The rapid advancement of Artificial Intelligence (AI) models has left users questioning the accuracy of their performance, even as developers continuously improve them. To address this, the Vector Institute, founded by Geoffrey Hinton, has launched a study, "Assessing the State of the Art," evaluating AI research. This study uses an interactive leaderboard to comprehensively assess 11 top open-source and closed-source models across 16 benchmarks, including mathematics, general knowledge, coding, and security.

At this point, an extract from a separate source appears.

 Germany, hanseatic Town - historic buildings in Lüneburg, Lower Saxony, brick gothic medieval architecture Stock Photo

John Willes, AI Infrastructure and Research Engineering Manager at the Vector Institute, stated: "Researchers, developers, regulators, and end-users can independently verify results, compare model performance, and build their own benchmarks and evaluations, thereby driving improvement and accountability."

Large Model Metaverse (2)

Image Source Note: Image generated by AI, image licensing provider Midjourney

Top-performing models in this evaluation included DeepSeek and OpenAI's o1, while Command R+ performed relatively poorly. Its lower performance stemmed from being the smallest and oldest model in the test.

The study found that closed-source models generally outperformed open-source models in complex knowledge and reasoning tasks, but DeepSeek's strong showing demonstrates the continued competitiveness of open-source models. Willes noted, "These models are quite capable on simple tasks, but as task complexity increases, we see a significant drop in reasoning and comprehension abilities."

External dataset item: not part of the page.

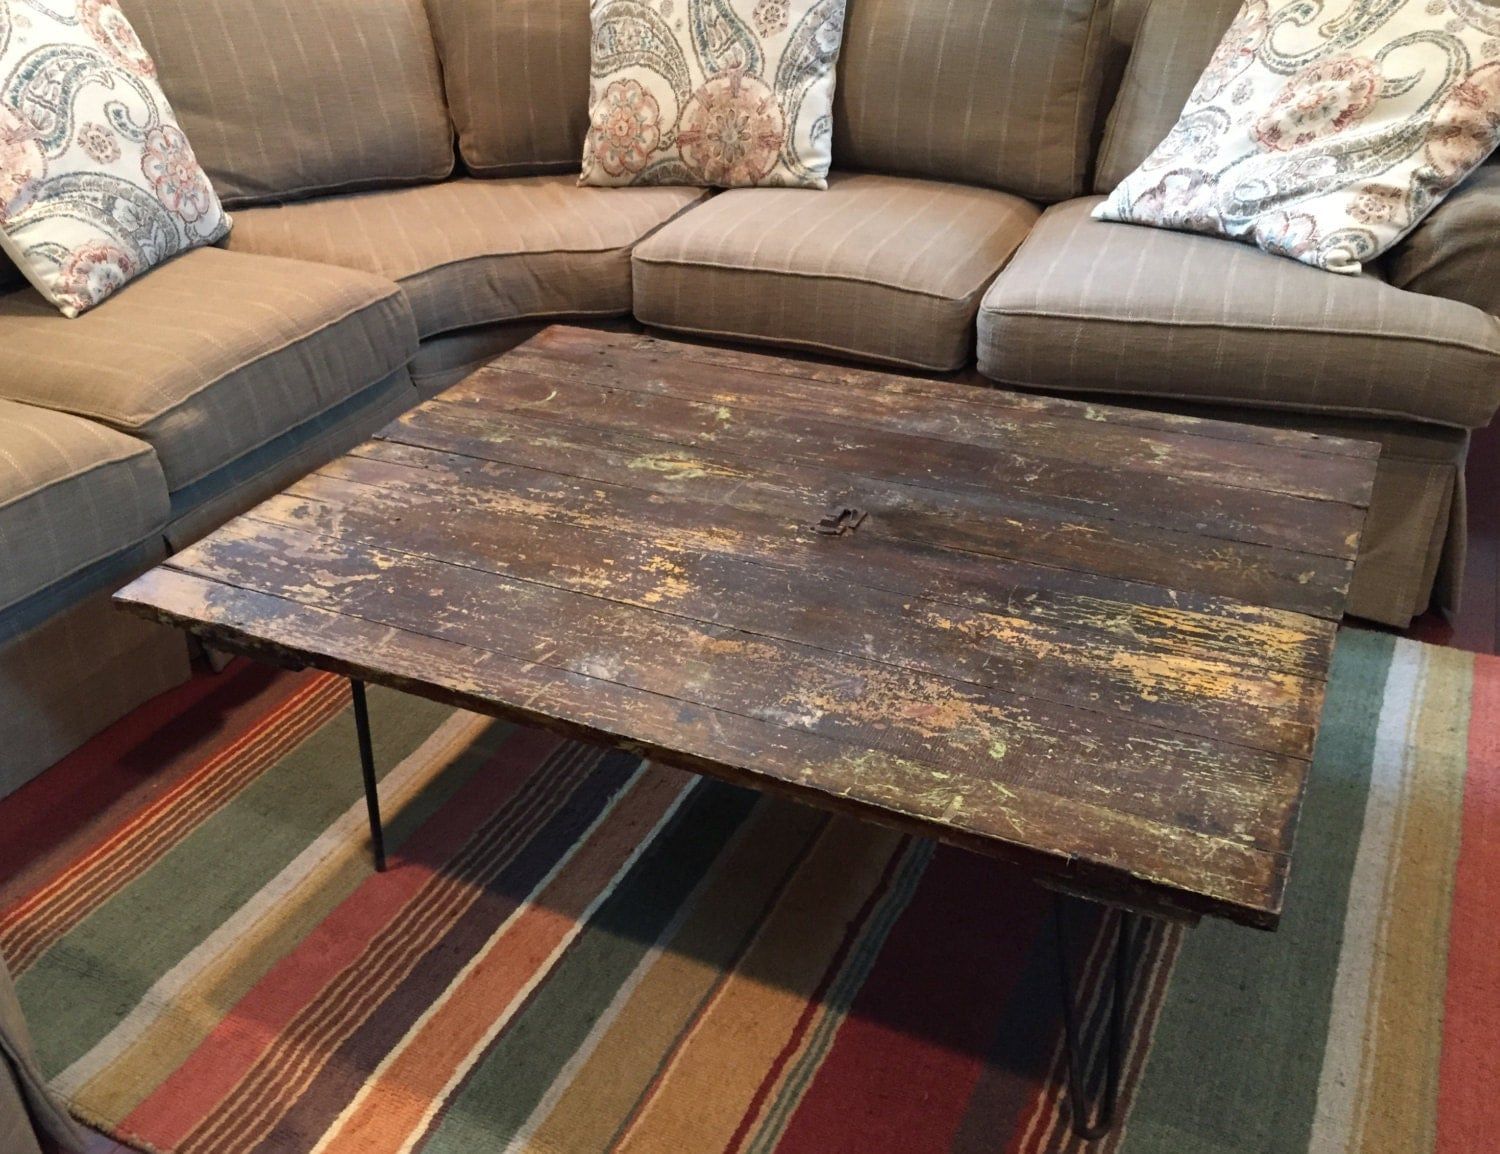 Reclaimed Shed/barn Door Coffee Table With Old Hardware And Within Coffee Tables With Sliding Barn Doors (View 10 of 20)

Furthermore, all 11 models faced challenges on "proxy benchmarks" evaluating real-world problem-solving capabilities, particularly in software engineering and other tasks requiring open-ended reasoning and planning. To address this, the Vector Institute developed the Multimodal Massive Multitask Understanding (MMMU) benchmark, assessing models' ability to handle images and text.

In the multimodal understanding evaluation, o1 demonstrated "excellent" capabilities, especially across different formats and difficulty levels. However, Willes emphasized that more work is needed to achieve truly multimodal systems capable of uniformly handling text, image, and audio inputs.

Addressing challenges in the evaluation, Willes highlighted evaluation leakage—models performing well on familiar evaluation datasets but poorly on new data. He believes that developing more innovative benchmarks and dynamic evaluations will be key to resolving this issue.